# Data provided:
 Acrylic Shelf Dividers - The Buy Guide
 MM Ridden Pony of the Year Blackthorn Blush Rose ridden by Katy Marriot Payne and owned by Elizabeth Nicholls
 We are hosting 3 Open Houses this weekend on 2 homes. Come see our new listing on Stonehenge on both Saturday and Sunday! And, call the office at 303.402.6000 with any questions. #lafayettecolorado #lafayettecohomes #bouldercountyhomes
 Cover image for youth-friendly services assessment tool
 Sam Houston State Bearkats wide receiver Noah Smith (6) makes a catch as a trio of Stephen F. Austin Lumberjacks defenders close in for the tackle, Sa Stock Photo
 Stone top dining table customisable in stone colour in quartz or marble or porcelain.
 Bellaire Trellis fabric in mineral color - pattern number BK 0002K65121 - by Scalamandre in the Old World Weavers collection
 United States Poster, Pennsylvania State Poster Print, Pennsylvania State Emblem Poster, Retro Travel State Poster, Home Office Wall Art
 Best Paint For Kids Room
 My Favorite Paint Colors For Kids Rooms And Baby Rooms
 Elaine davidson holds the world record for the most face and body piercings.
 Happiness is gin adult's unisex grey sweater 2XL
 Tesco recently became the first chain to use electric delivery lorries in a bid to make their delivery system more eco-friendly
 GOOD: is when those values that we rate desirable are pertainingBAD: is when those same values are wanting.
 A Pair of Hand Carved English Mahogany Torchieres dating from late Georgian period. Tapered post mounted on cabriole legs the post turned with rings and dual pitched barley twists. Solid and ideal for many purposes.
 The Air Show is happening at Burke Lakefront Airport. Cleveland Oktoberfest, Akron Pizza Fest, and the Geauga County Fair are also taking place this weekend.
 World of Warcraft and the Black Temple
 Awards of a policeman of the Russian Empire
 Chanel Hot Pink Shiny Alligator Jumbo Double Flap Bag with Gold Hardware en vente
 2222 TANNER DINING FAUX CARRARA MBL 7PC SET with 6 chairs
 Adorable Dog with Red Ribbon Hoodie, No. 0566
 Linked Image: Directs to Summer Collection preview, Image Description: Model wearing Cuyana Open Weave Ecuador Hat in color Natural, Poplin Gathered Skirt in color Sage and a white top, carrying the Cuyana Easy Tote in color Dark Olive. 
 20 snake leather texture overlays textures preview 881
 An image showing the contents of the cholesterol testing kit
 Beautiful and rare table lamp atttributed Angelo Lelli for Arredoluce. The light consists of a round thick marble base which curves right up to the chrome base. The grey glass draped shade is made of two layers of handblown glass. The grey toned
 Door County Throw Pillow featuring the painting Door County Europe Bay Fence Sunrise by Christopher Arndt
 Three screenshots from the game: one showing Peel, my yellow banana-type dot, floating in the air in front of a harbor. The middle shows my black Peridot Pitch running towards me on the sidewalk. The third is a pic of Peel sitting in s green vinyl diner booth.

# Goal of the exercise:
From the first line of the data above through the line containing "Cover image for", set each line down again exactly; include both ends and omit everything else.

# Expected output:
 Acrylic Shelf Dividers - The Buy Guide
 MM Ridden Pony of the Year Blackthorn Blush Rose ridden by Katy Marriot Payne and owned by Elizabeth Nicholls
 We are hosting 3 Open Houses this weekend on 2 homes. Come see our new listing on Stonehenge on both Saturday and Sunday! And, call the office at 303.402.6000 with any questions. #lafayettecolorado #lafayettecohomes #bouldercountyhomes
 Cover image for youth-friendly services assessment tool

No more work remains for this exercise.